MLL5 has been implicated as a tumor suppressor, and its loss may enhance tumorigenesis. We retrovirally transduced bone marrow cells of wild-type and homozygous Mll5tm1Apa mice with the NUP98-HOXD13 fusion gene, which can induce rapid-onset leukemias in collaboration with other oncogenes like Meis1 and, when overexpressed on its own, can trigger late-onset myeloproliferative disorders.29  None of the recipients of NUP98-HOXD13 homozygous Mll5tm1Apa transduced cells (n = 13 mice tested) developed leukemia over the course of 6 months, suggesting that MLL5 deficiency does not enhance the susceptibility to transformation. Moreover, naive homozygous Mll5tm1Apa mice did not spontaneously develop tumors within 18 months from birth.

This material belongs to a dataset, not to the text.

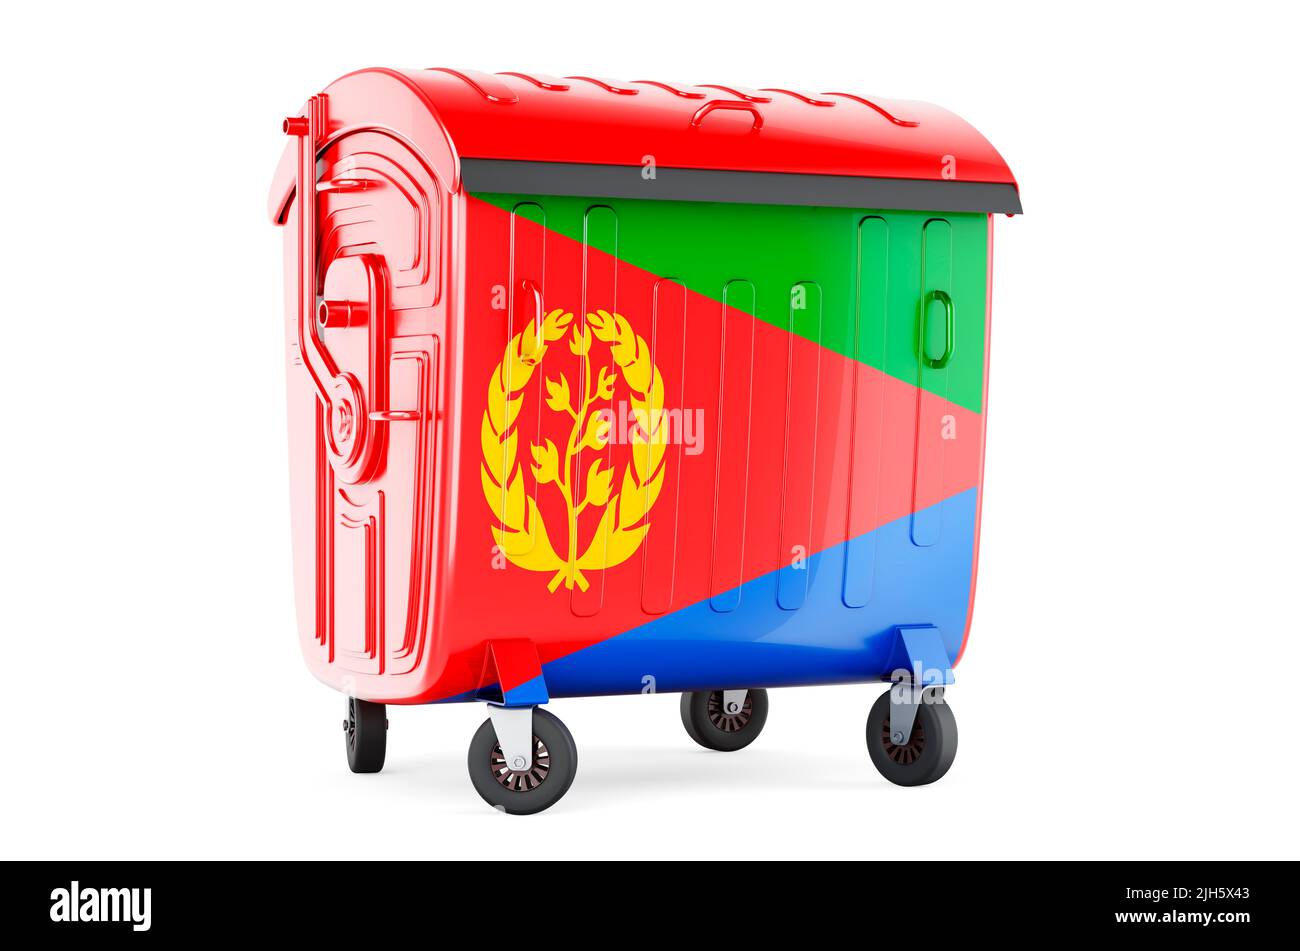 Müllcontainer mit eritreischer Flagge, 3D, isoliert auf weißem Hintergrund Stockfoto

Loss of Mll5 sensitizes HSC to 5-aza-deoxycytidine–induced differentiation

Given the observed defects in hematopoiesis and the known role of Mll genes in epigenetic regulation, we investigated the effect of the DNA-methyltransferase inhibitor 5-aza-deoxycytidine (5-azaCdR) or the histone deacetylase inhibitor trichostatin A (TSA) on the competitive marrow repopulation capacity of wild-type and homozygous Mll5tm1Apa mice. A total of 3 mice of each genotype were injected subcutaneously with 5% DMSO (solvent only, 100 μL), 5-azaCdR (1 mg/kg), or TSA (1 mg/kg) on days 1, 4, 6, 8, 11, and 13, and bone marrow was harvested on day 21. After 1 day of prestimulation with murine interleukin-3 (mIL-3; 6 ng/mL), human interleukin-6 (hIL-6; 10 ng/mL), and murine stem cell factor (SCF; 20 ng/mL), cells were retrovirally transduced with an YFP-expressing plasmid (for cell tracking after transplantation) for 48 hours (mean transduction efficiency 33%). After an additional 48 hours, 105 YFP+ cells were transplanted with 105 freshly isolated bone marrow cells as helper cells into lethally irradiated wild-type recipients (2 recipient mice per donor mouse).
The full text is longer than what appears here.